Another way to dampen the surface oscillation is to place a plate grid 26 in the sink evaporator container 16 outside the circulation tube and below the liquid surface 23, which further smoothes the liquid surface throughout the container. The plate lattice consists of two ίο plates set perpendicular to each other. The plate lattice is typically placed in a horizontal position, extending to the edges of the container, and its height is in the order of 2 to 7% of the height of the cylindrical portion of the container. The plate lattice is particularly advantageous in smaller evaporators.
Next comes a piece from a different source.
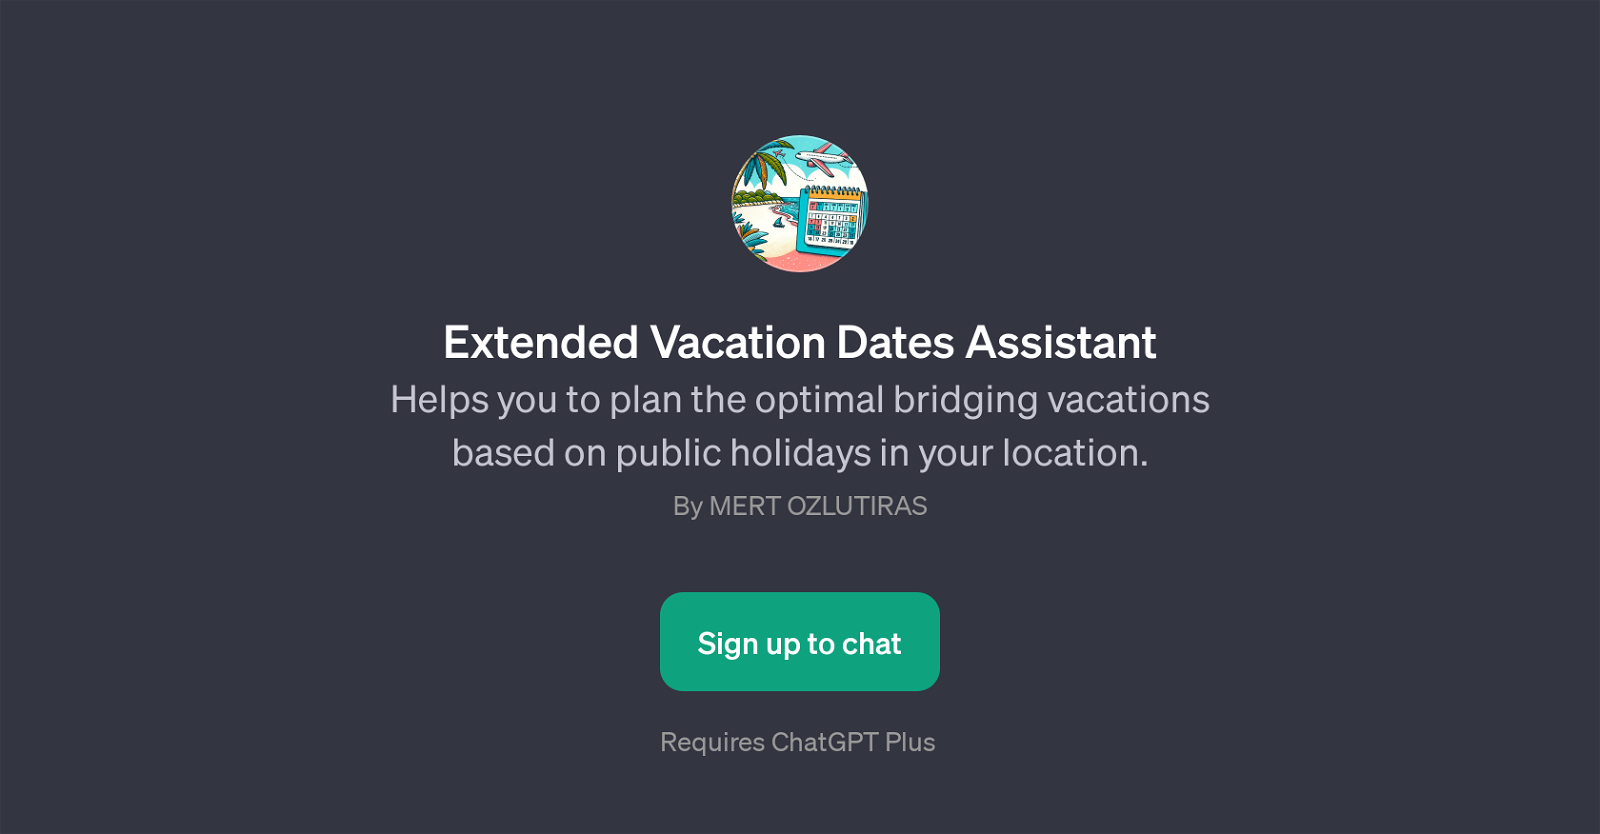 Extended Vacation Dates Assistant website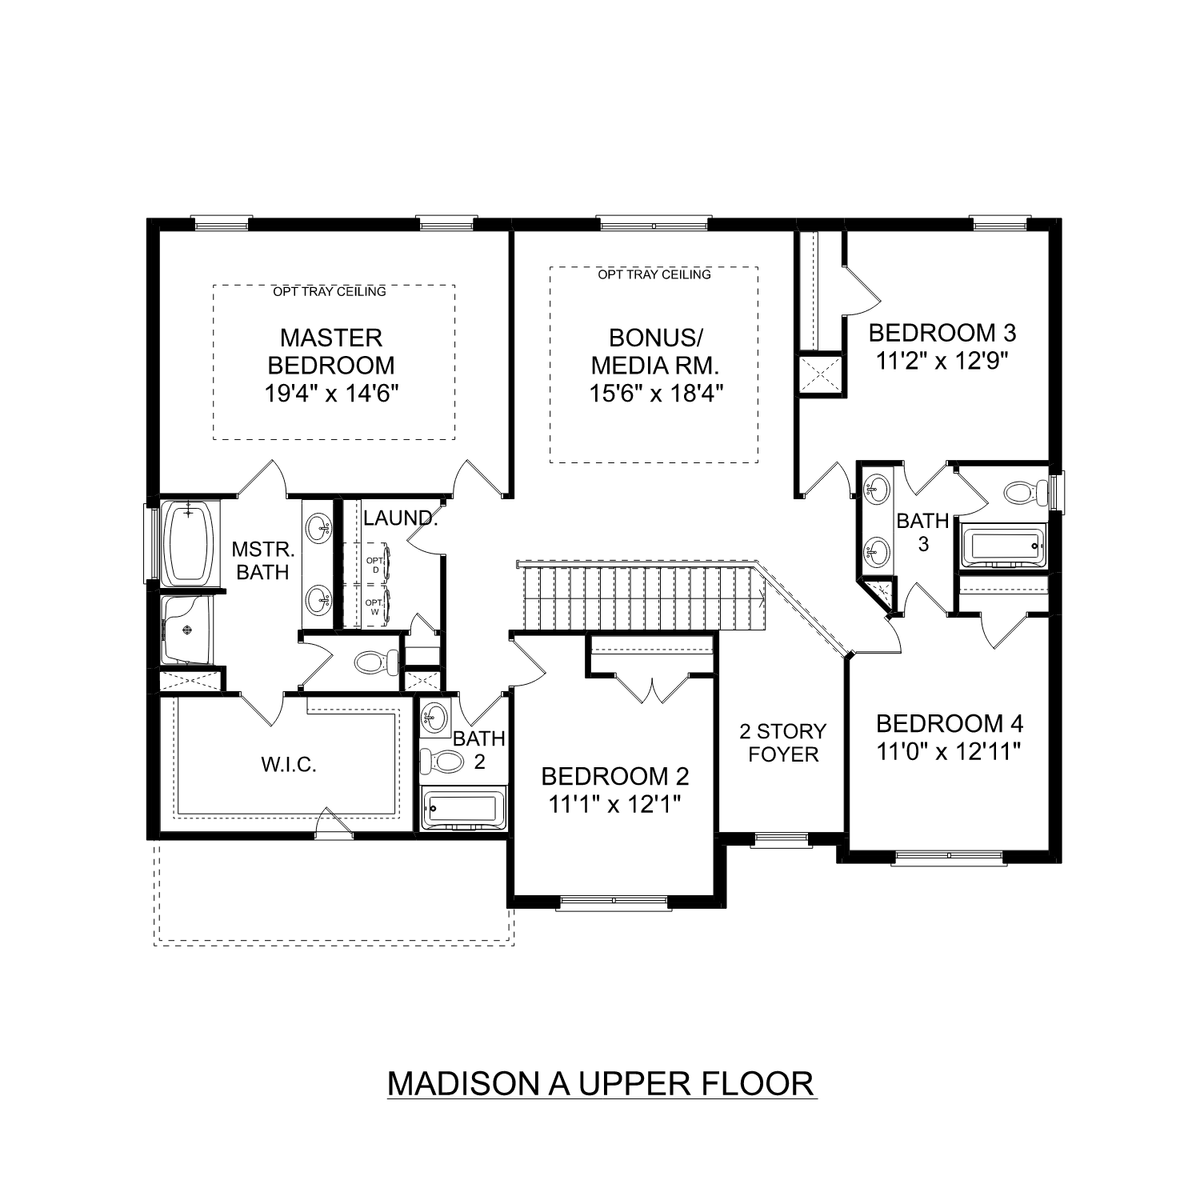 2 - The Madison A buildable floor plan layout in Davidson Homes' North Ridge community.

It should be noted that although Figures 3 and 4 show three different ways of leveling the liquid surface of a submersible evaporator, in particular vertical plates can be used in accordance with the invention without horizontal plates or lattice plates or in combination with either structure.

20

Claims (8)

A submersible evaporator (15) formed by a cylindrical fluid reservoir (16) and a submerged conduit (17) through which hot gas 5 is fed through a plurality of gas conduits (21) below the liquid surface, and a circular conduit (22) surrounding the submerged conduit. ), characterized in that at least 3 radial vertical plates (24) are attached to the inner wall of the circulation pipe. ίο Submersible evaporator according to Claim 1, characterized in that the number of vertical plates is at least 3, preferably 4-6. Submersible evaporator according to Claim 1, characterized in that a gap is left between the vertical plates (24) and the submerged tube (17) for removing the submerged tube 15 with the rotary tube (22) in place. Submersible evaporator according to Claim 1, characterized in that a horizontal plate (25) is disposed on the vertical plates (24) in the vicinity of the liquid surface (23), which is substantially horizontal. 20 Submersible evaporator according to Claim 4, characterized in that the horizontal plate (25) has a width of 2 to 8% of the circumference of the circulation pipe (22). Submersible evaporator according to claim 1, characterized in that the liquid reservoir (16) of the submersible evaporator is provided with a plate grid (26) consisting of two gratings arranged perpendicular to each other. Submersible evaporator according to Claim 6, characterized in that the plate grid (26) is located below the liquid surface (23) in a substantially horizontal plane and has a height of 2 to 7% of the height of the cylindrical part of the liquid container (16). Submersible evaporator according to Claim 1, characterized in that the gas channels (21) are formed at the bottom of the submersible evaporator.